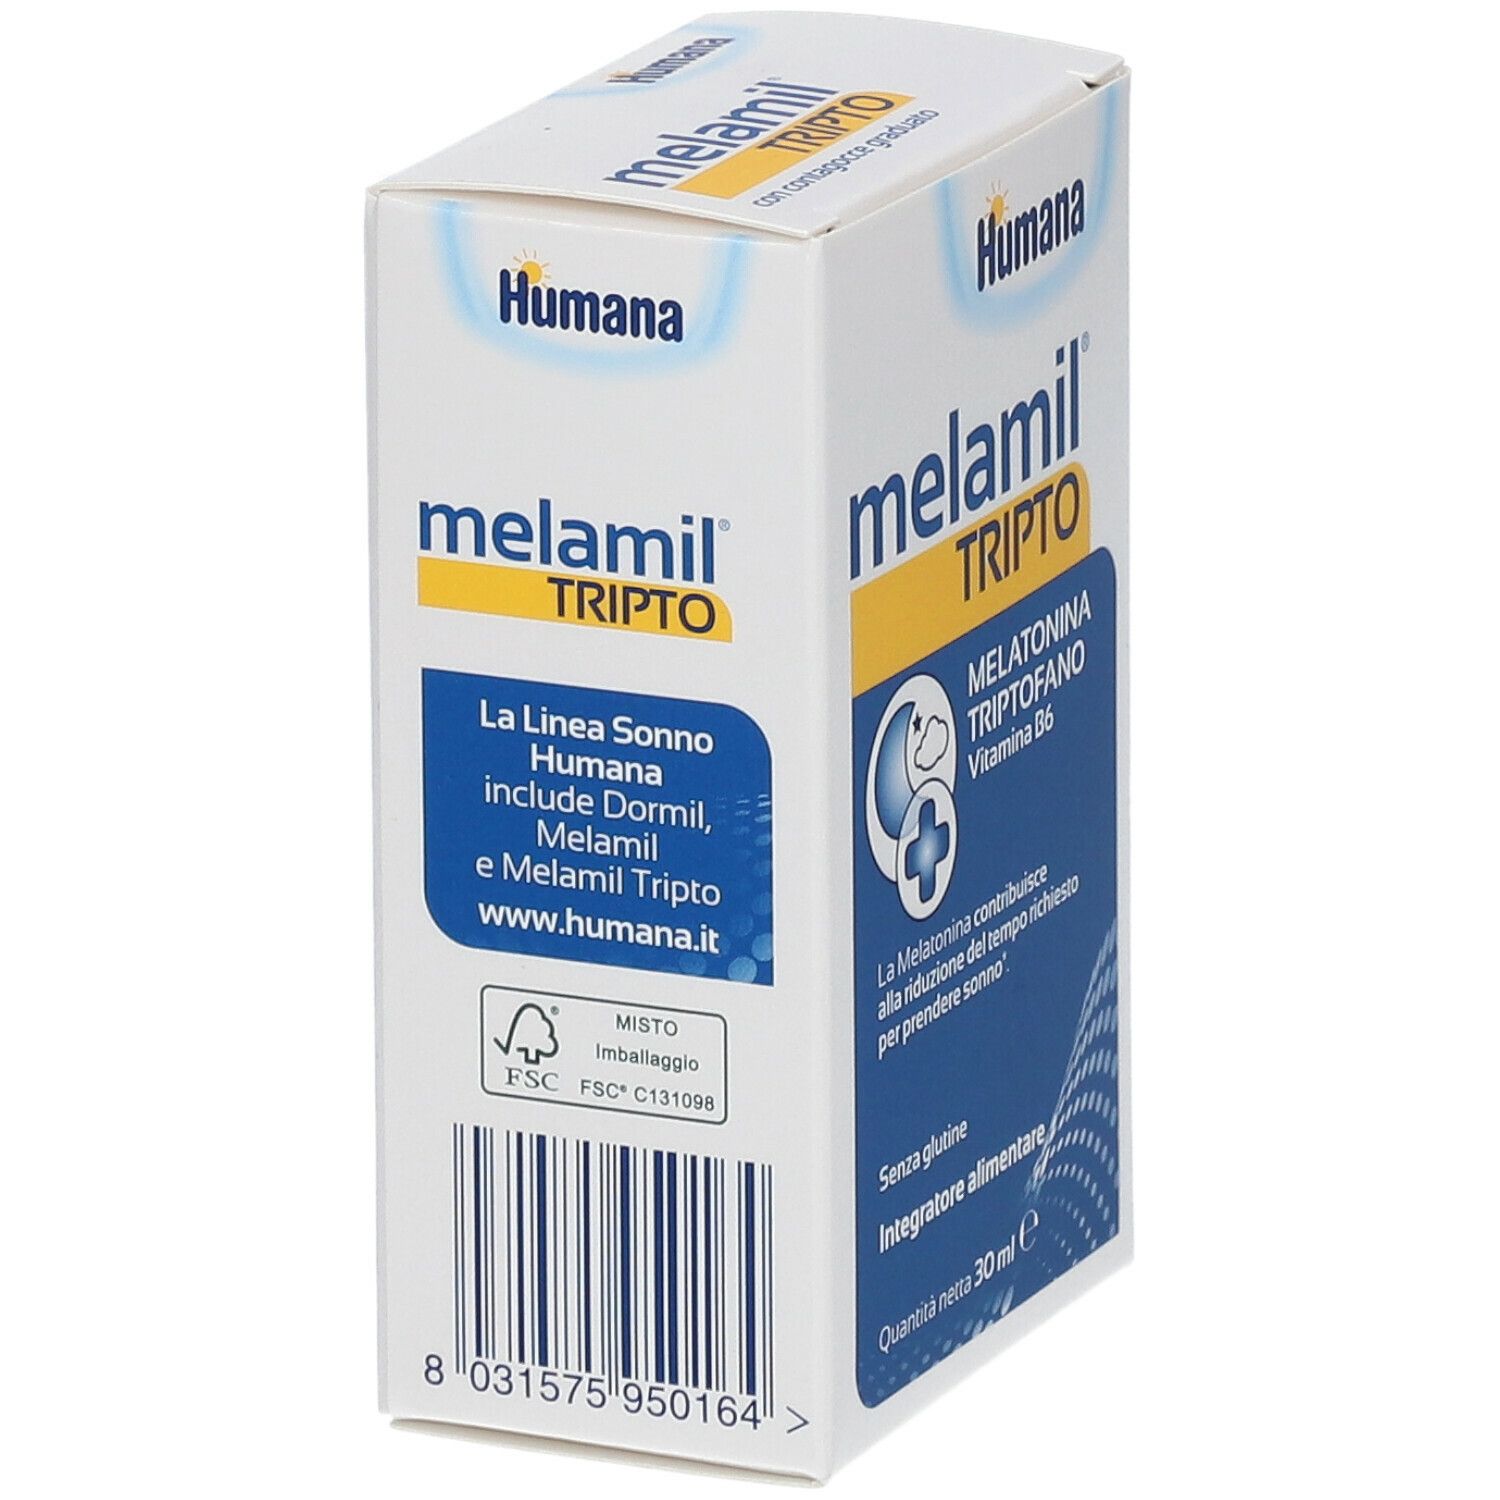 Humana MELAMIL Tripto, a base de melatonina, triptófano y vitamina
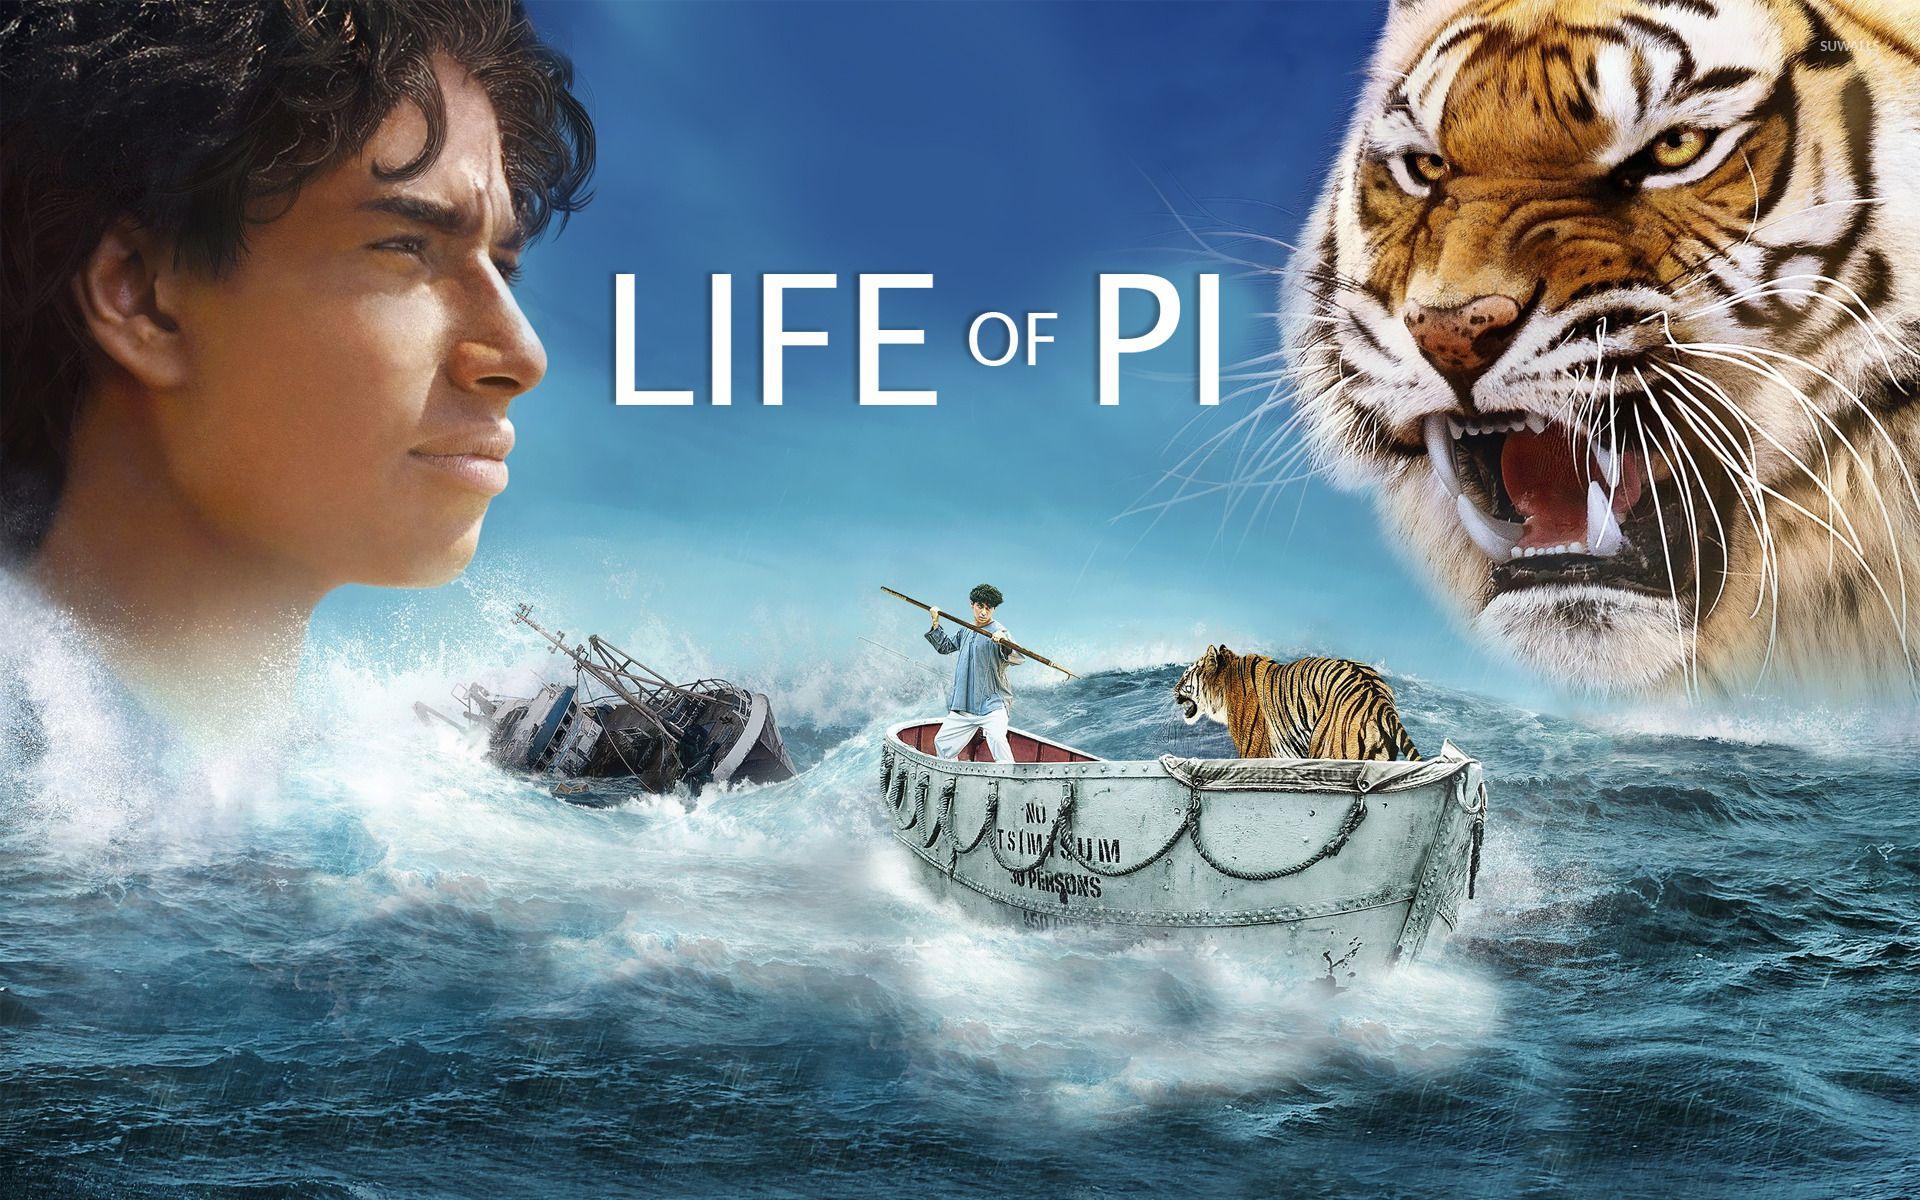 the life of pi full movie free
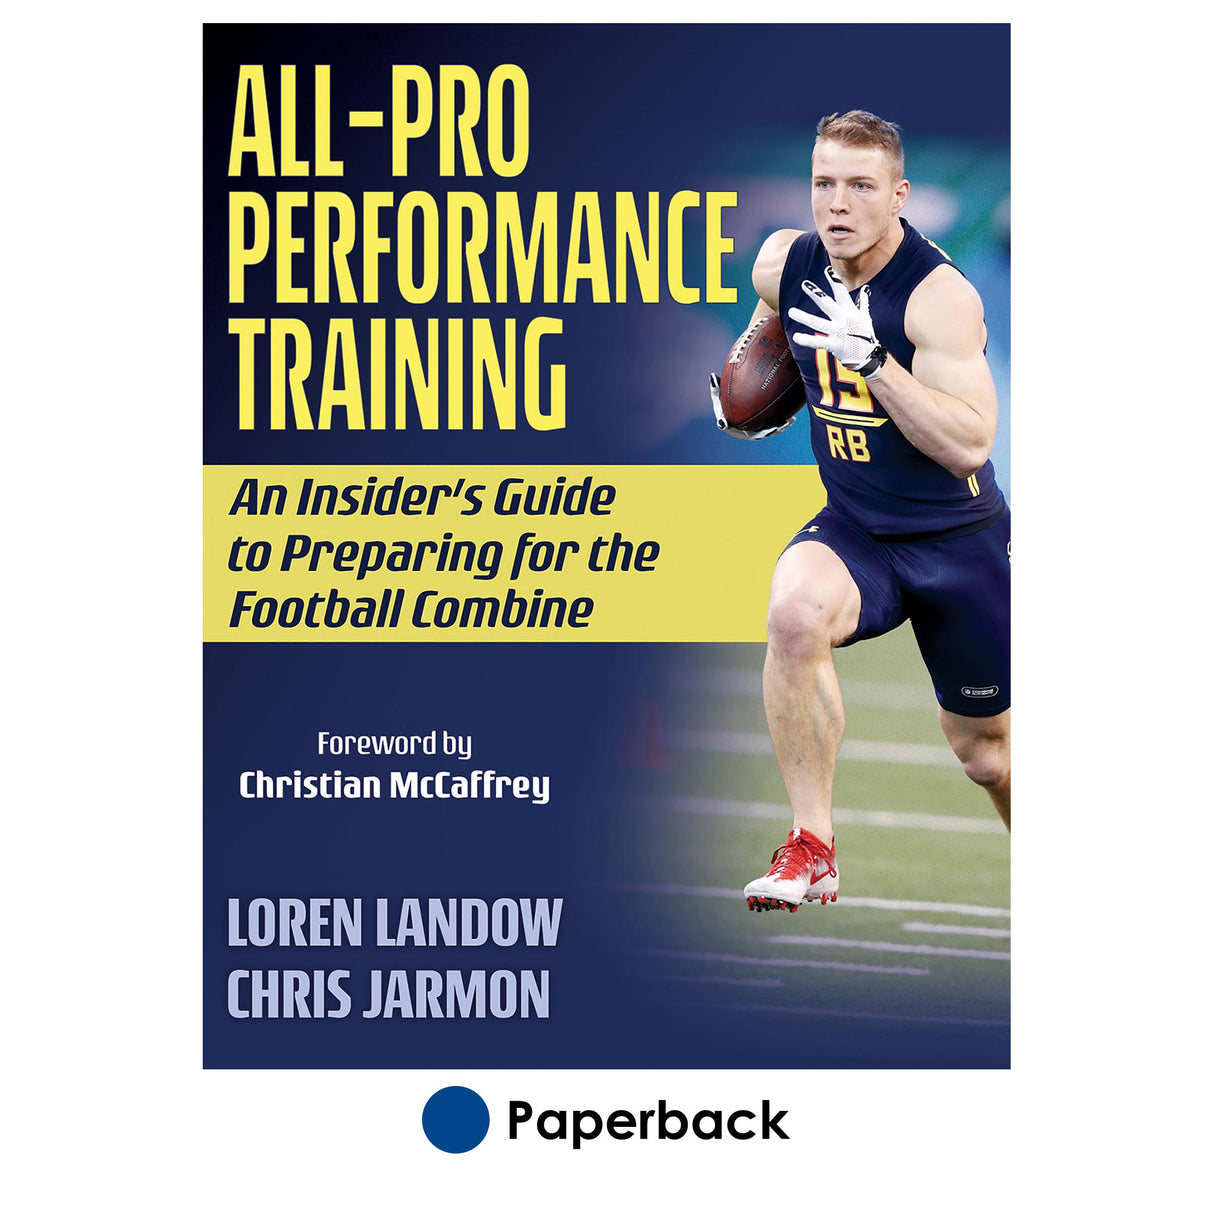 All-Pro Performance Training

_ _ _ _ _

• [PROBLEM REQUIREMENTS] Copy all of the data above exactly. Leave out every picture.

• [TASK ANSWER]
 Humana MELAMIL Tripto, a base de melatonina, triptófano y vitamina
 the life of pi full movie free
 All-Pro Performance Training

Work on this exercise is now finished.